* ACTIVITY: Leave the pictures out and repeat the rest of the data below exactly.

Data excerpts
####################

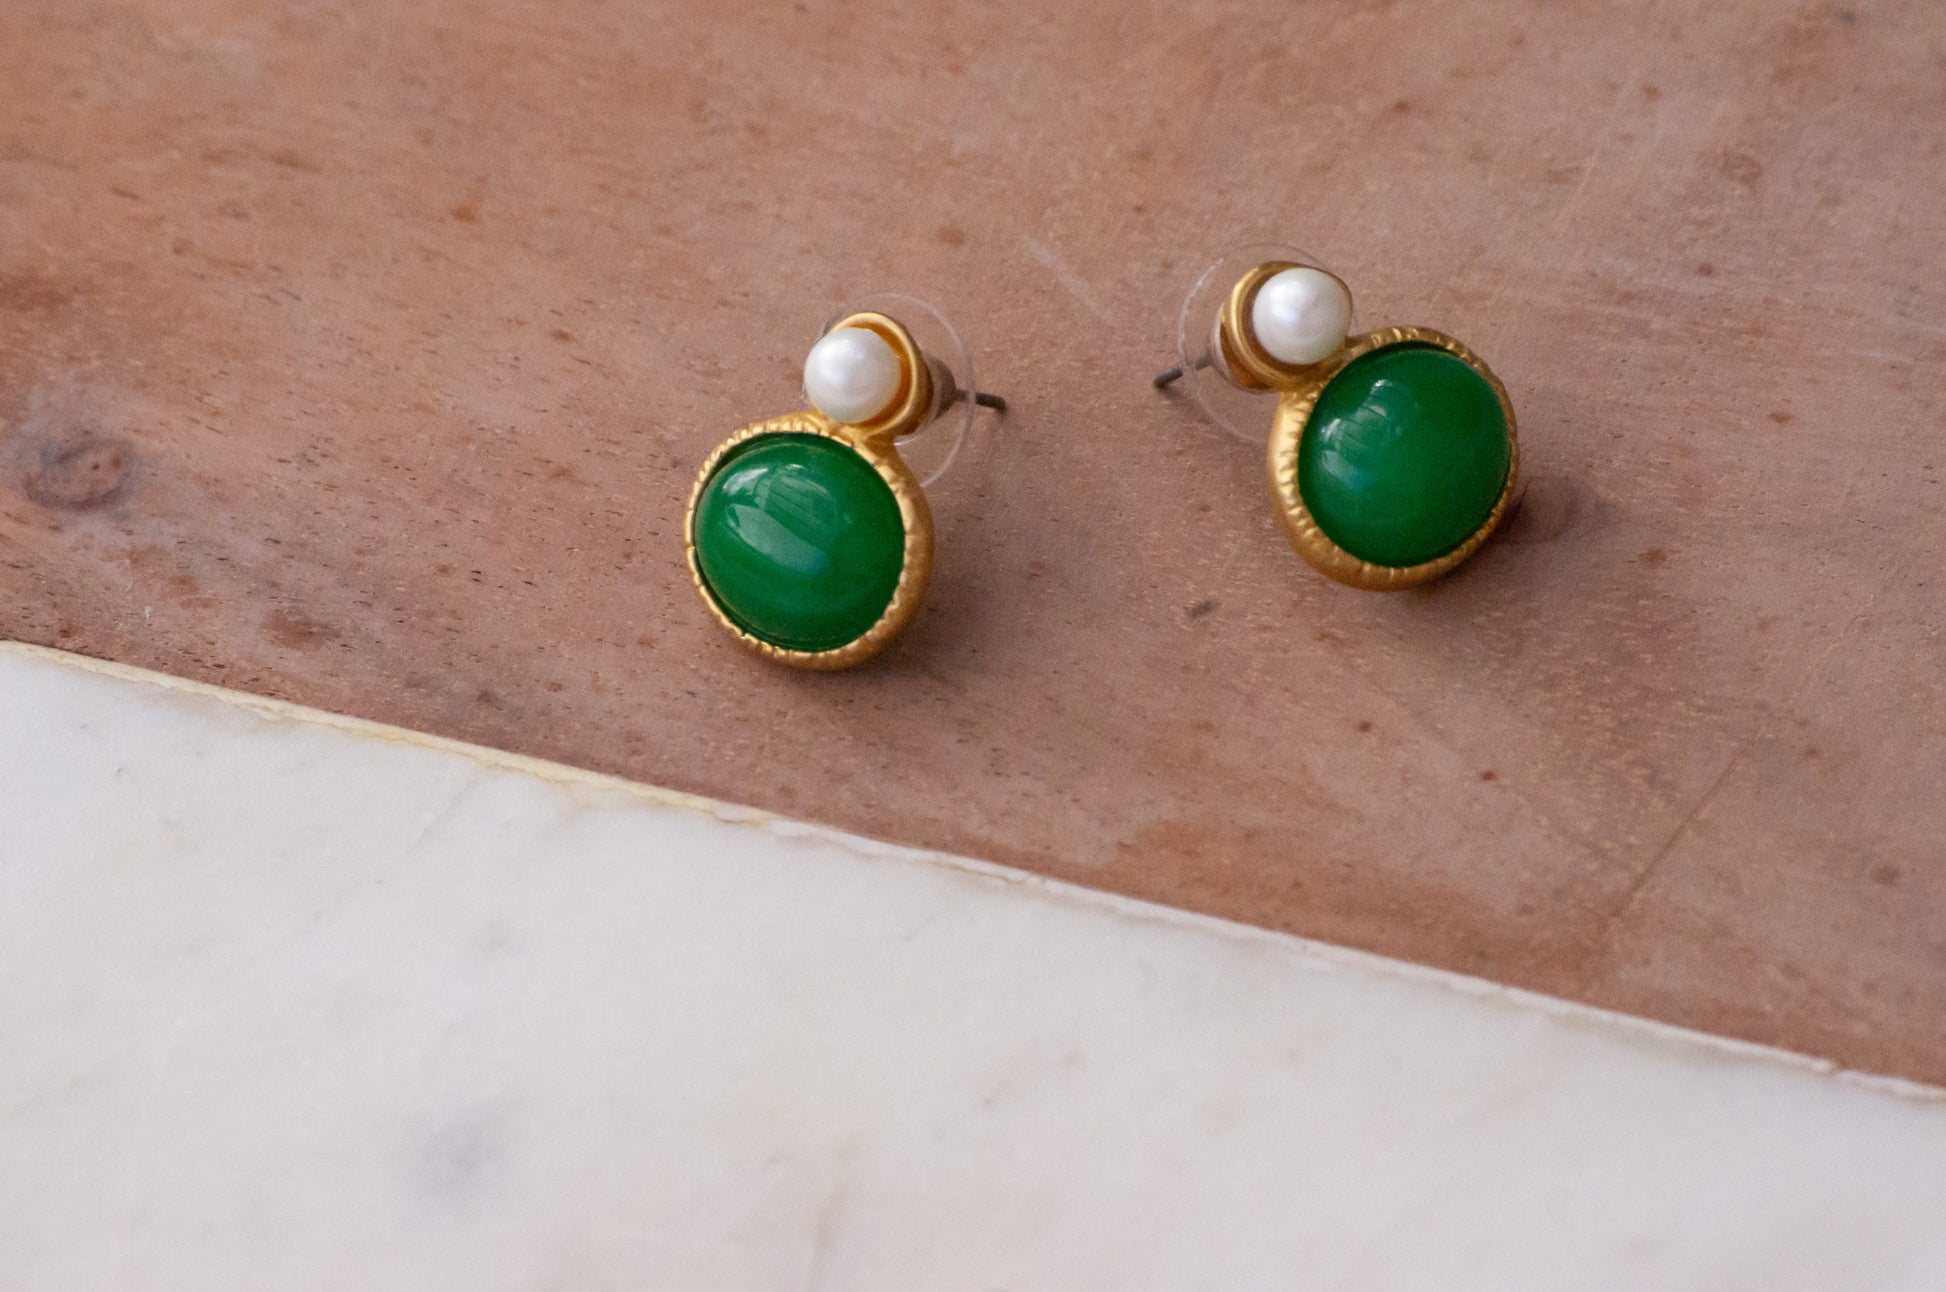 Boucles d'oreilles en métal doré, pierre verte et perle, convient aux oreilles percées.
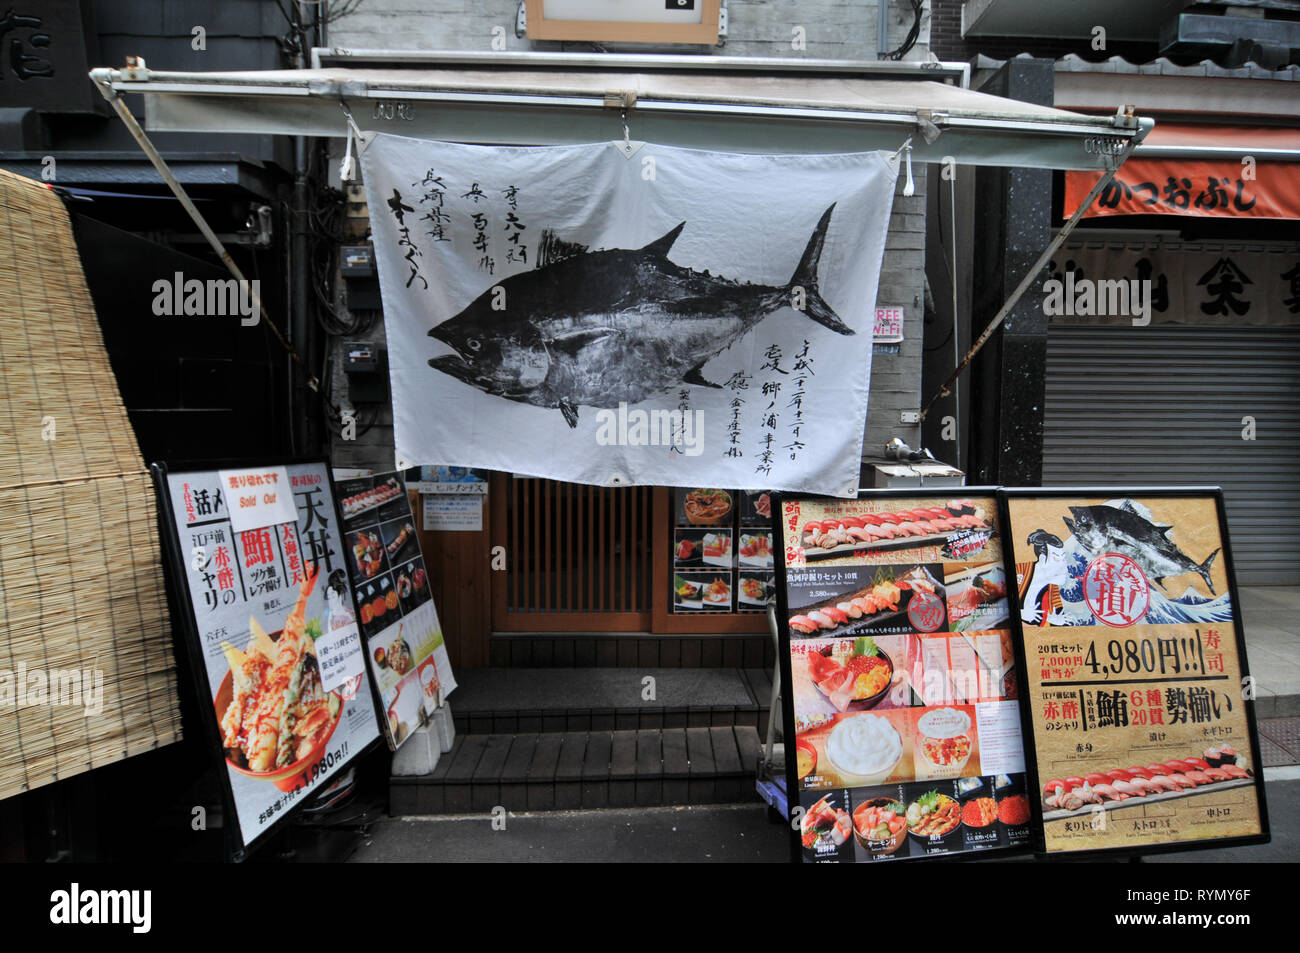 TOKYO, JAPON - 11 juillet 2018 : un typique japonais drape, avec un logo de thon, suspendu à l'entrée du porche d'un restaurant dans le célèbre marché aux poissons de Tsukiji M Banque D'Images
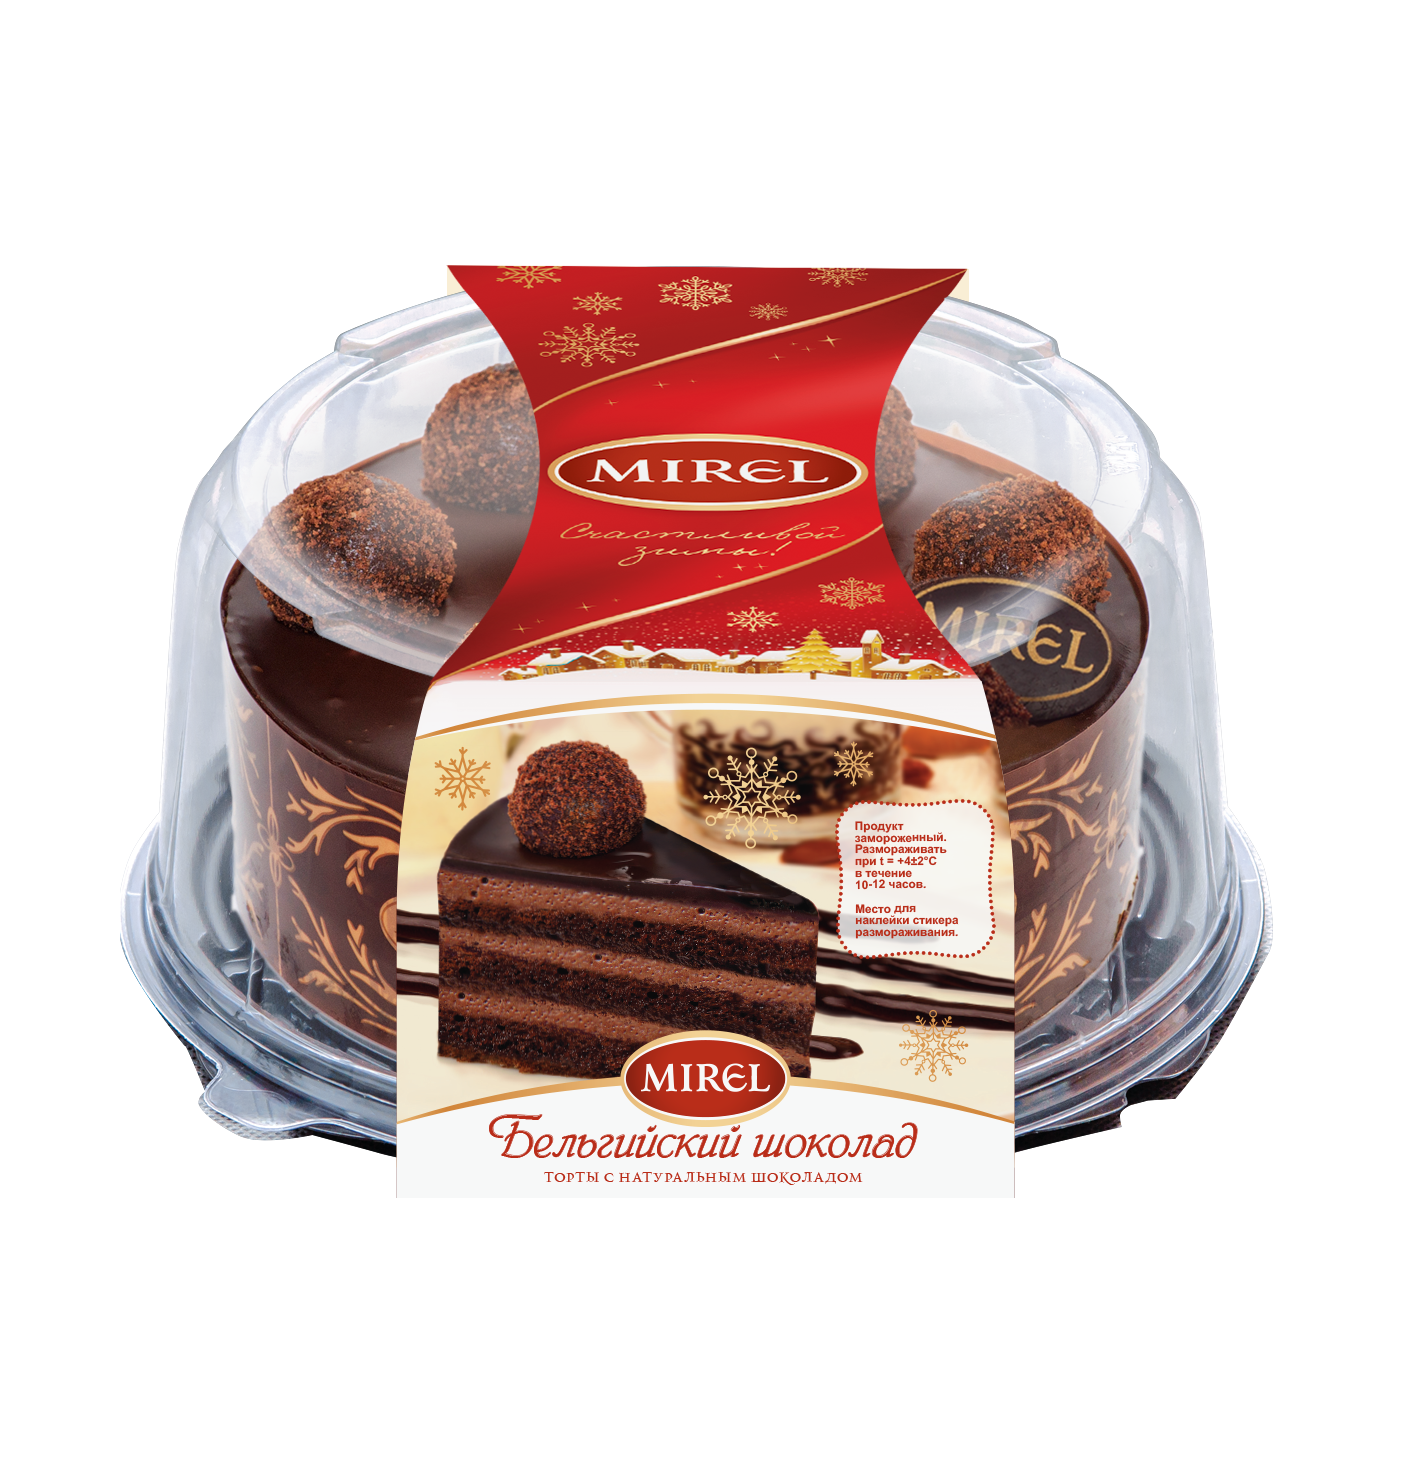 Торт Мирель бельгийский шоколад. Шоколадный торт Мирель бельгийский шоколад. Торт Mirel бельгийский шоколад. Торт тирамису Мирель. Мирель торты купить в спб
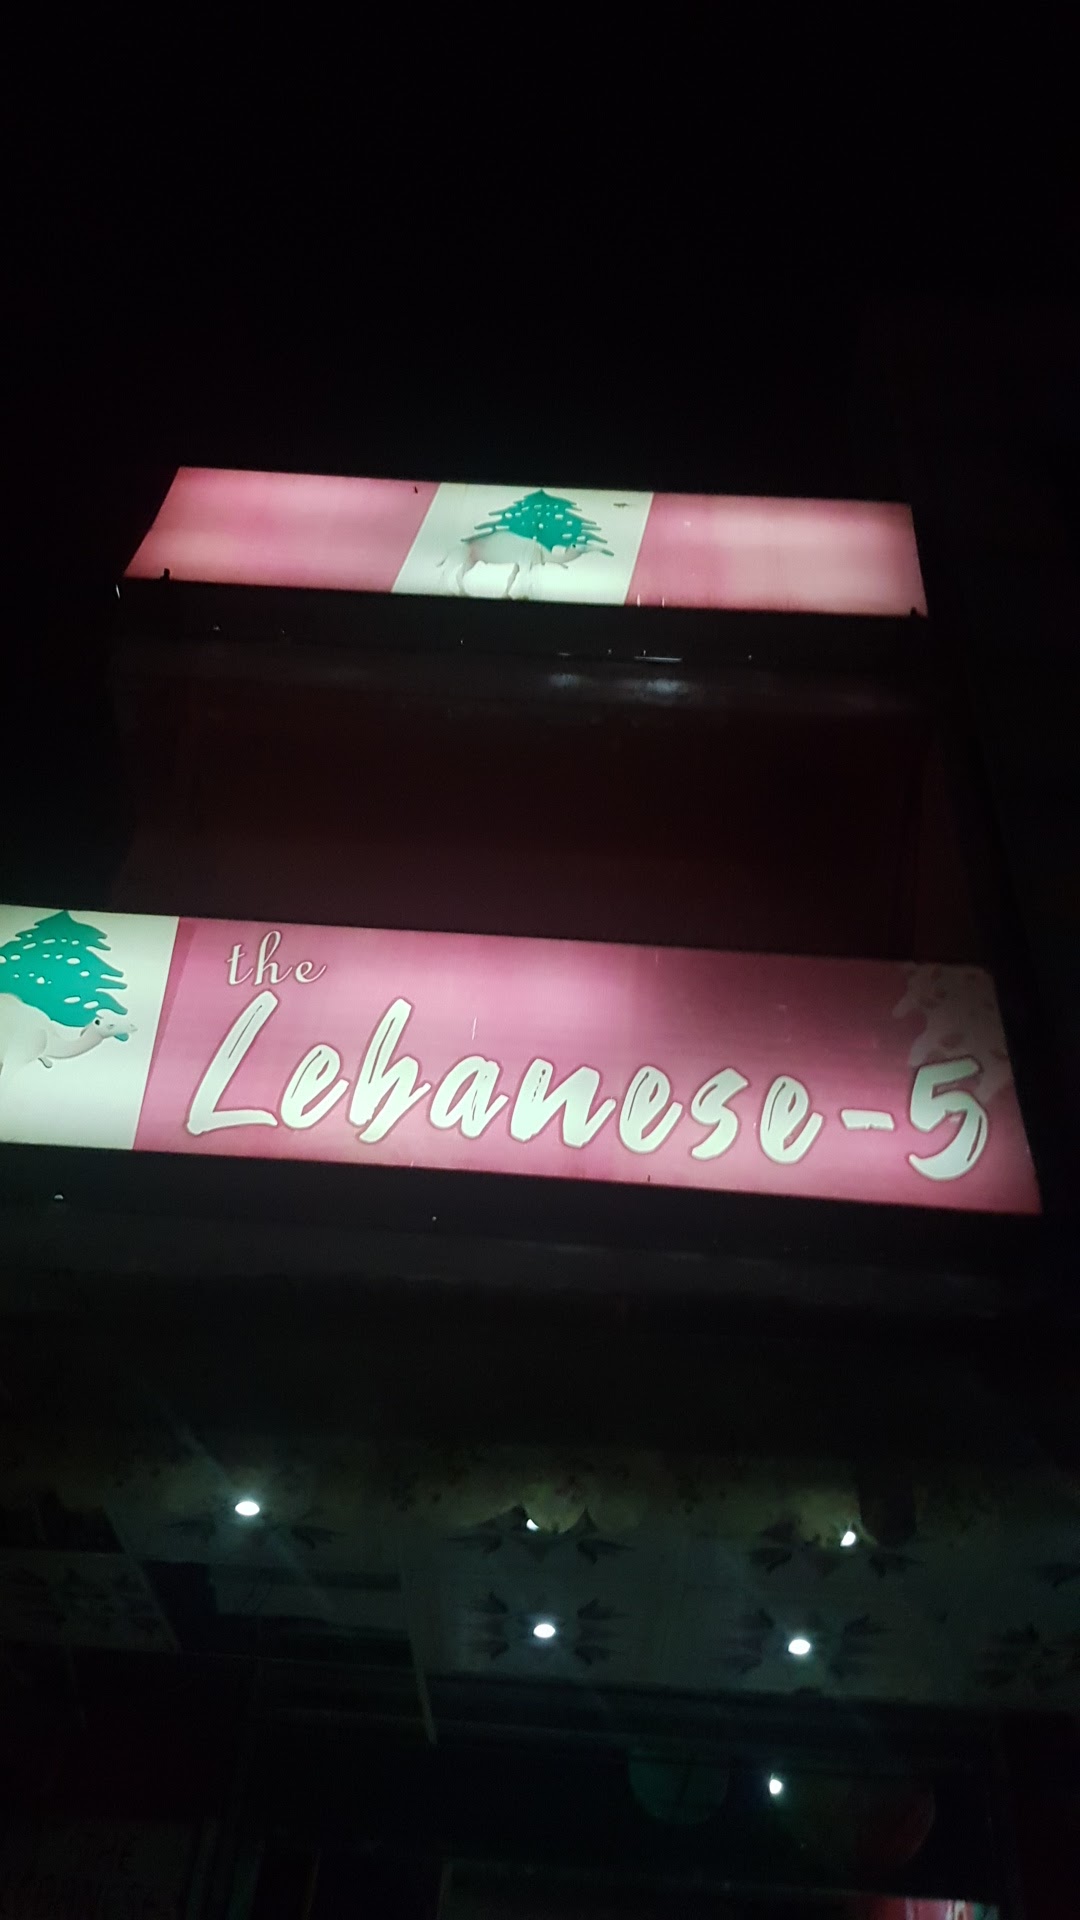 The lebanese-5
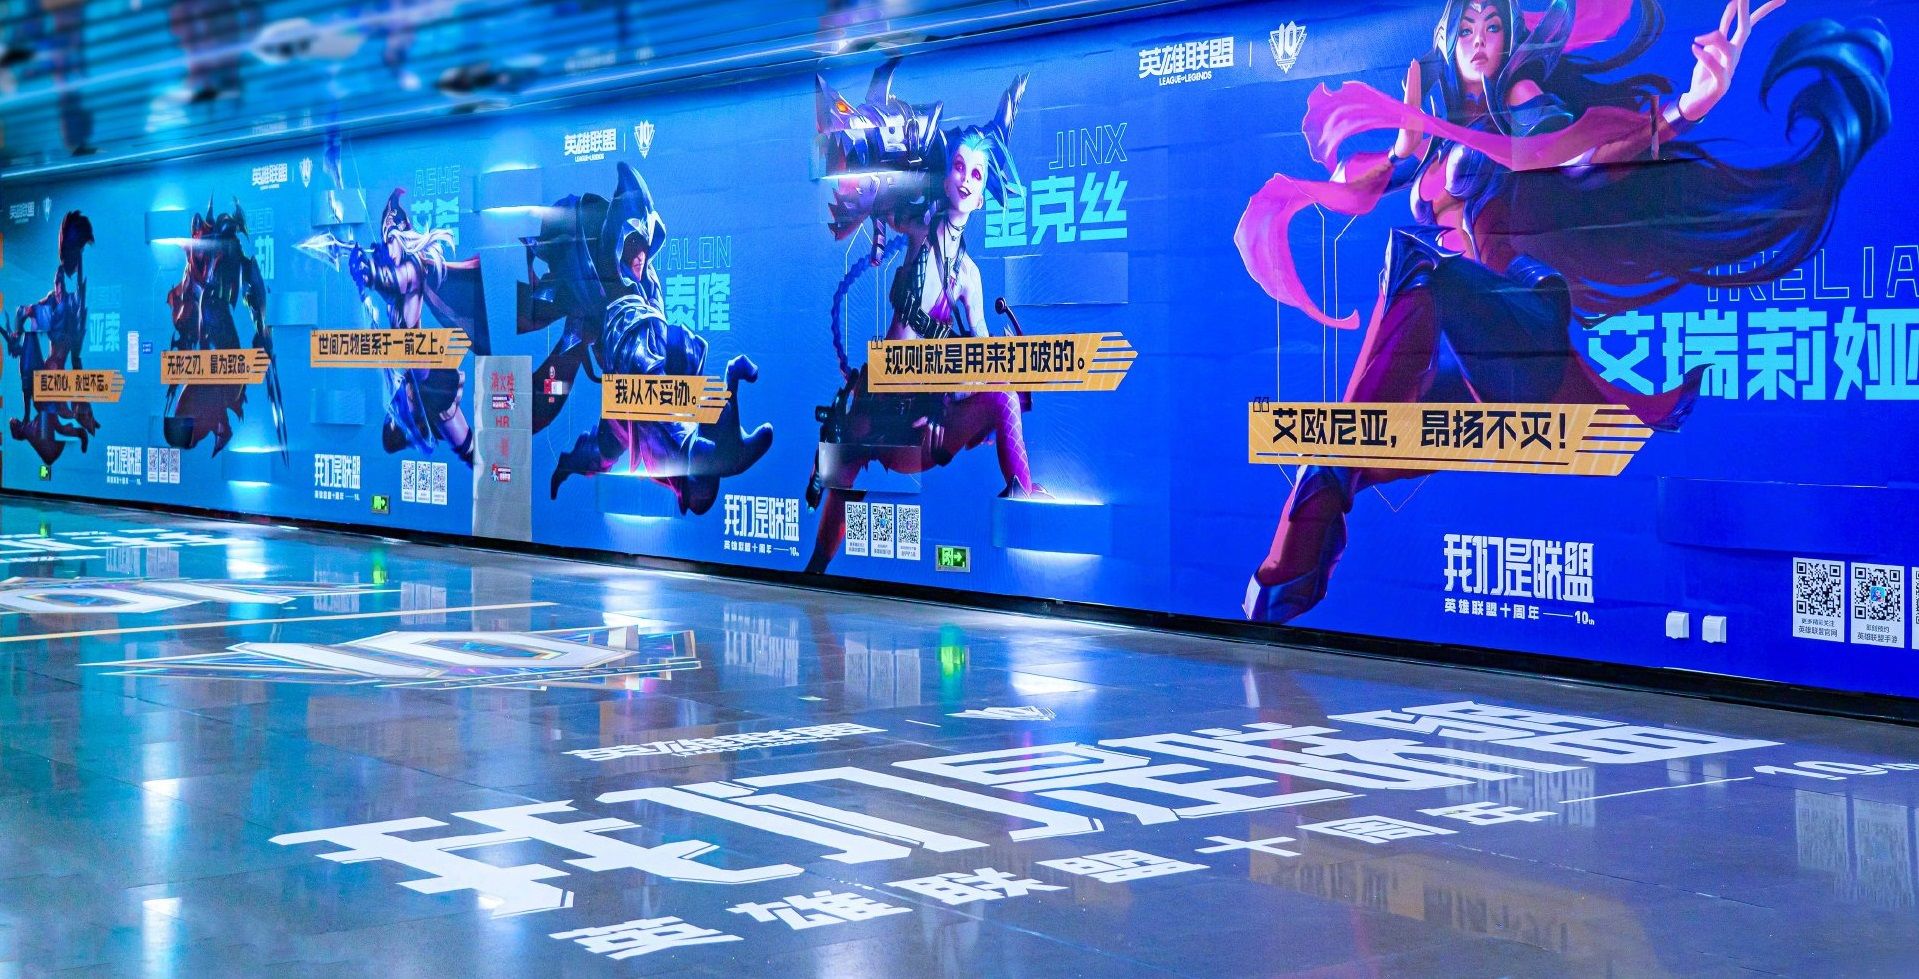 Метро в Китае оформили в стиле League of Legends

####################

* EXERCISE RESPONSE:
 Boucles d'oreilles en métal doré, pierre verte et perle, convient aux oreilles percées.
 TOKYO, JAPON - 11 juillet 2018 : un typique japonais drape, avec un logo de thon, suspendu à l'entrée du porche d'un restaurant dans le célèbre marché aux poissons de Tsukiji M Banque D'Images
 Торт Мирель бельгийский шоколад. Шоколадный торт Мирель бельгийский шоколад. Торт Mirel бельгийский шоколад. Торт тирамису Мирель. Мирель торты купить в спб
 The lebanese-5
 Метро в Китае оформили в стиле League of Legends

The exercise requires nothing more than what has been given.